9-5
Now, with belly full and mouth warm with Indian spices, I feel in a place of writing.
I feel I need to verbally capture an experience I had this weekend, am experience of gliding watercraft powered by my own newly muscled arms. The experience of venturing into previously forbidden territory, the feeling of exploration that gave me that Conquistador’s high. The feeling of unlocking a little known secret.
Kayaking is a wholly joyous experience for me, to the extent of uncontrollable giggling in the aftermath of a capsize, my own capsize, head sticking out of the water hiding my flailing limbs that cried out in a panic that directly opposed my laughing face. Once I was out of the water again and my body’s small amount of visceral terror [alligators - spiders - snakes] had subsided, I realized that I laughed because a capsize had been my worst fear for the day.

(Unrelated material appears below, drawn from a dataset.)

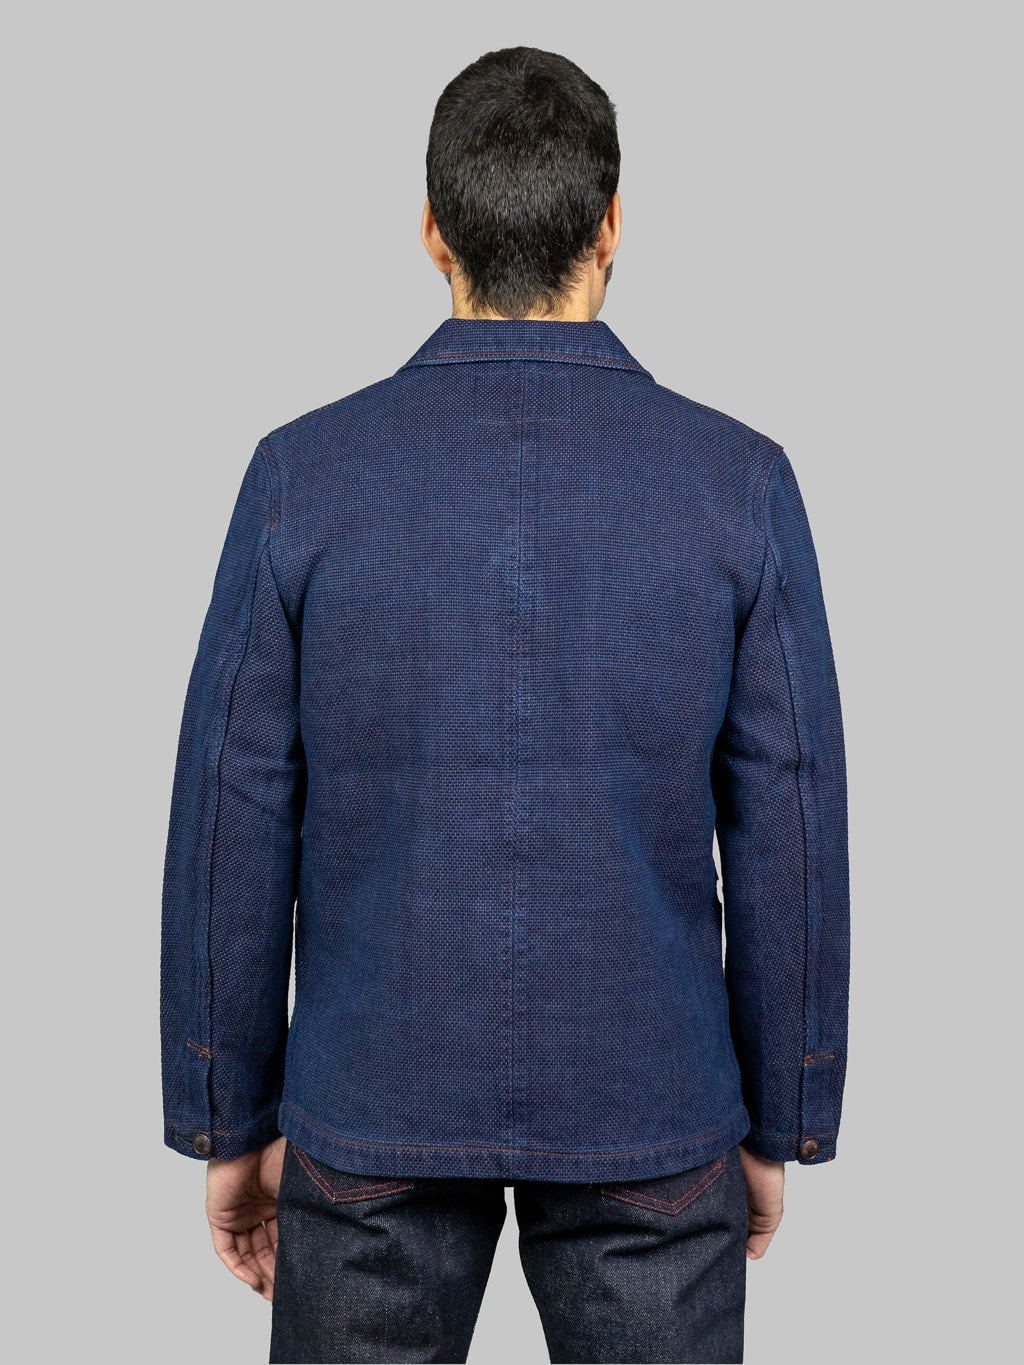 Studio Dartisan indigo kakishibu sashiko selvedge jacket back fit

My worst fear, realized, and it was no big deal.
I have emerged on the other side of a weekend positively filled with kayaking as my friend called me up in need of a kayak companion - and who am I to say no the whims of the universe? Such is how I found myself in a small plastic boat paddling up the river next to dolphins under the Matthews Bridge, such is how I found myself swimming with barnacles under a dock. Such is how I found myself this weekend. I found myself stiff with sore shoulders and arms, slightly burnt and more than a little bronze, feeling like a warrior goddess of the deep.
I was unprepared for the emotional response that grew strength and blew through me after such a seemingly slight event, but Tuesday night found me sobbing into my husband’s arms. It seems like with every passing week a little bit of conventional-Keri is chipped away in the process of becoming the Keri that I want to be - the Keri that wears sweat-soaked tie-dye bandanas and lives for the outdoors - and in this process a little more of my tolerance for “the system” goes with the debris of old-me. The result of this is that I feel alien around some of my friends, definitely around my family, I feel insidious hippie-thoughts creeping in during otherwise normal activities...
As somewhat of a tangent, I have felt myself incredibly drawn to the song "Doing the Wrong Thing" by Kaki King. I love instrumental songs that still carry a load of emotion, especially when given a title to guide the thought trains while listening.
Doing the wrong thing. What can that mean for my life? Doing the wrong thing - this phrase resonates within me strongly at the moment because I am slowly understanding that my life will never be the cookie-cutter life that everyone in society wants me to have. I will never be a good girl that sits quietly and never has an opinion, I will never be the perfect mother or wife or American Citizen (TM) that says the pledge and watches football on the weekends. I hate the mall, I hate commercials, I hate plastic life.I want a yard full of chickens and cloth diapers on the line to dry, I want naked babies and wooden toys. AKA, as far as my family and culture is concerned, "the wrong thing."
All I can think of is getting outside where there aren't any corporations.
No one trying to sell me anything or make me feel inferior,
no one trying to convert me into being another plastic American.